_Activity_
The required output is the exact text of the lines from the line containing "The Lion Kingdom Sigiriya酒店 外观 照片" through the final line below, inclusive, without pictures.

_Given material_
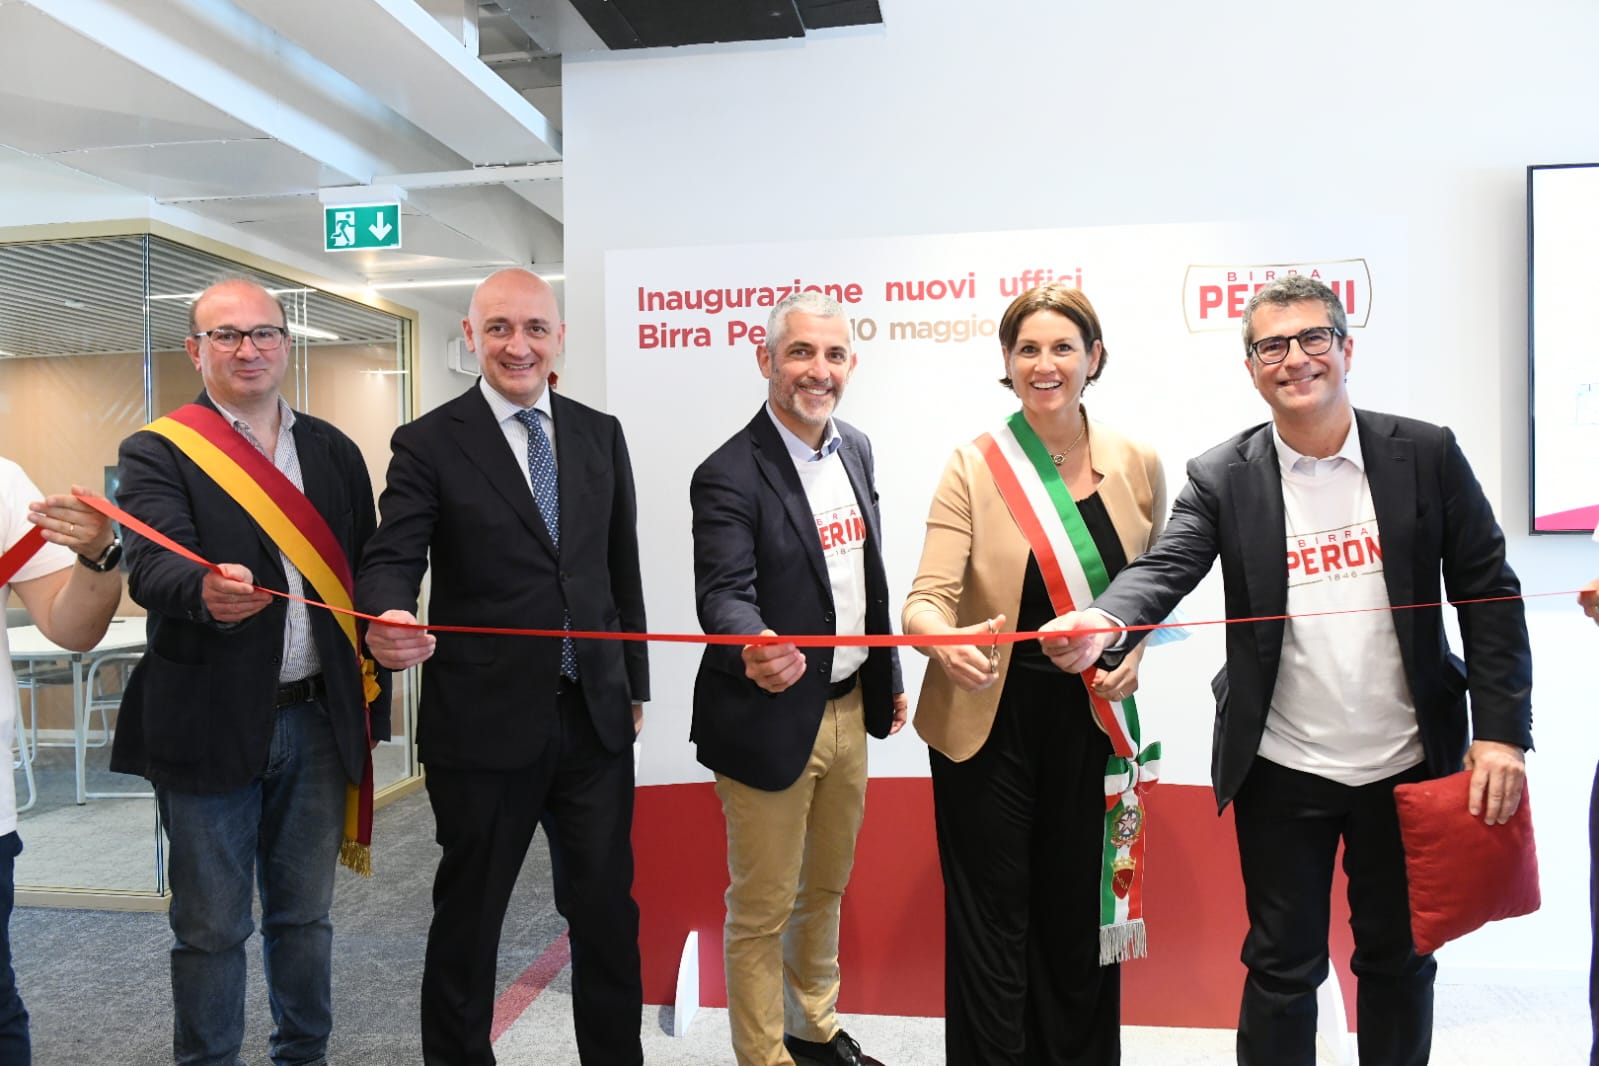 Birra Peroni inaugura i suoi nuovi uffici a Roma
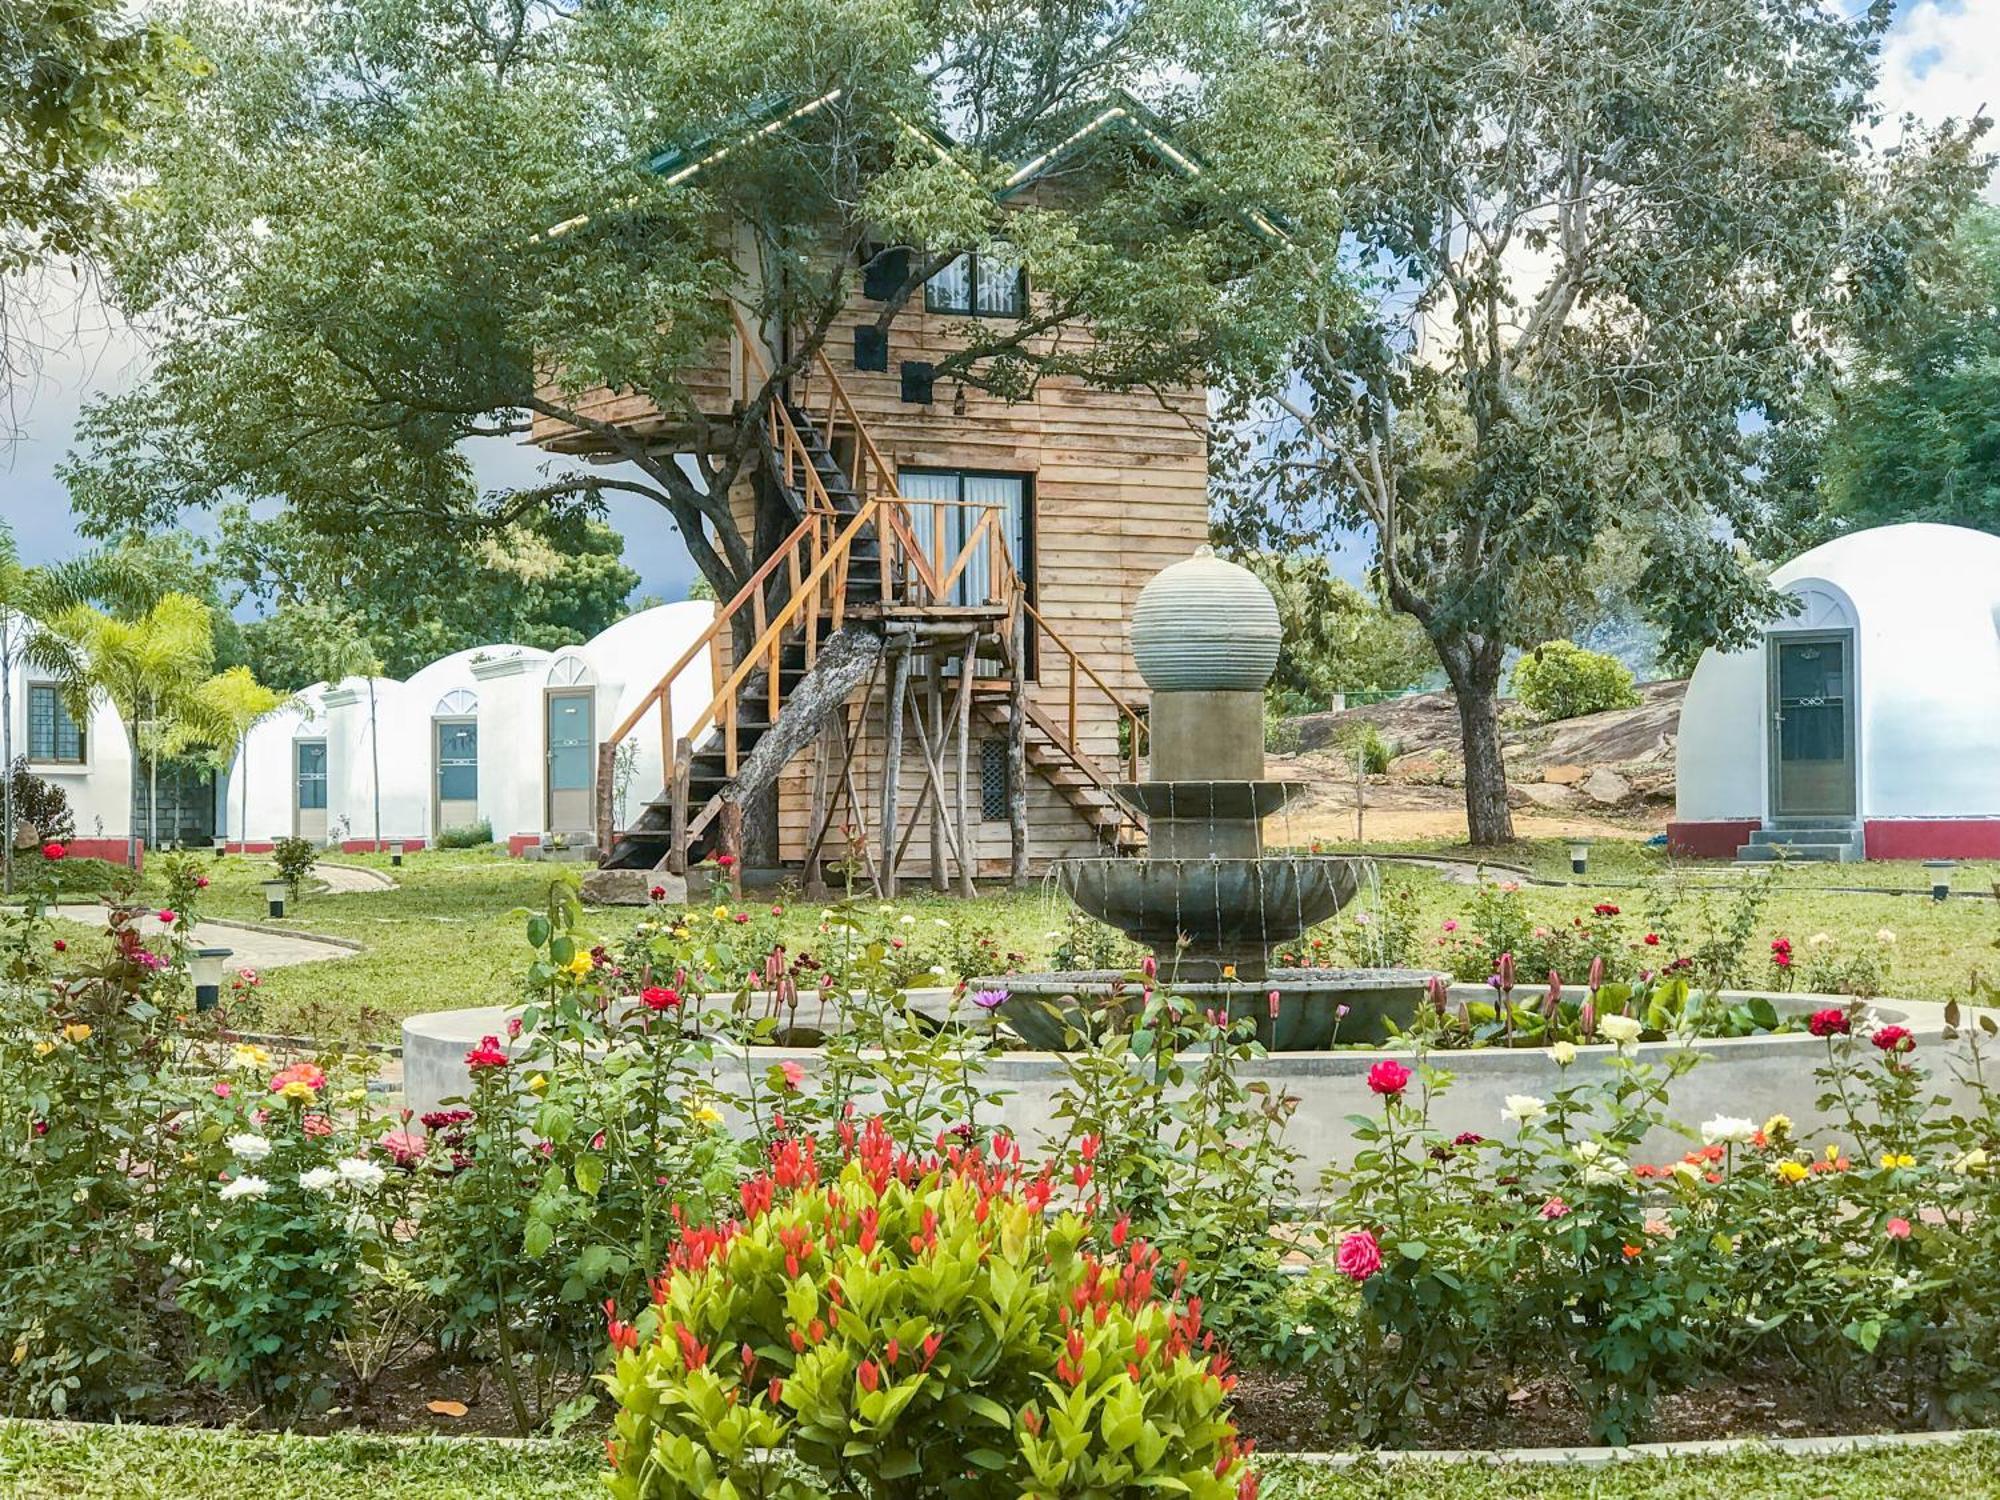 The Lion Kingdom Sigiriya酒店 外观 照片
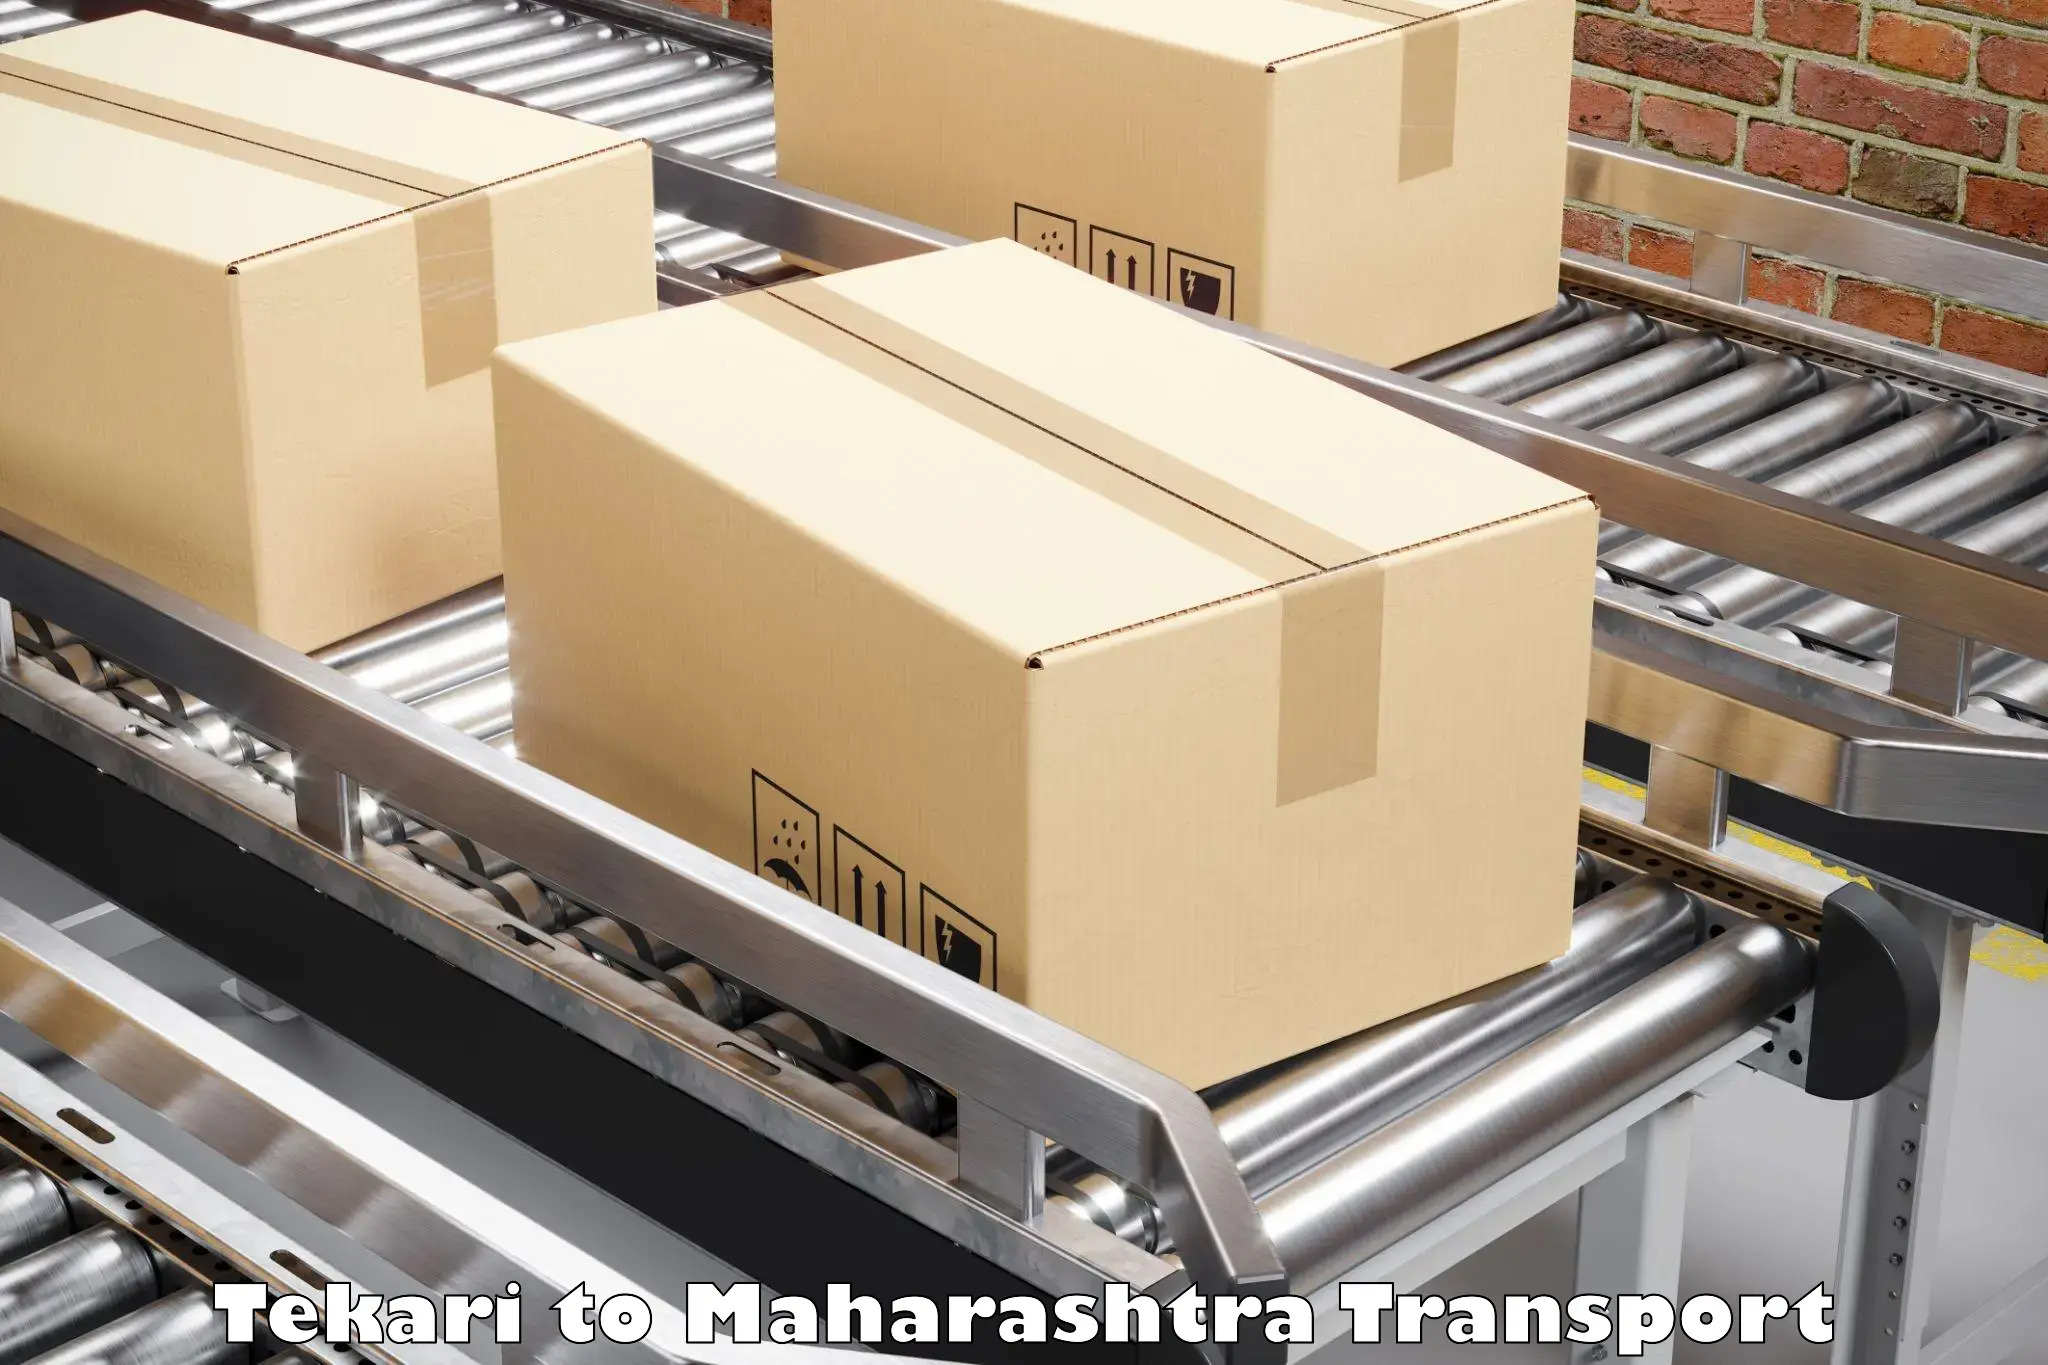 Online transport service Tekari to Maharashtra

_Solution to this problem_
 The Lion Kingdom Sigiriya酒店 外观 照片
 Online transport service Tekari to Maharashtra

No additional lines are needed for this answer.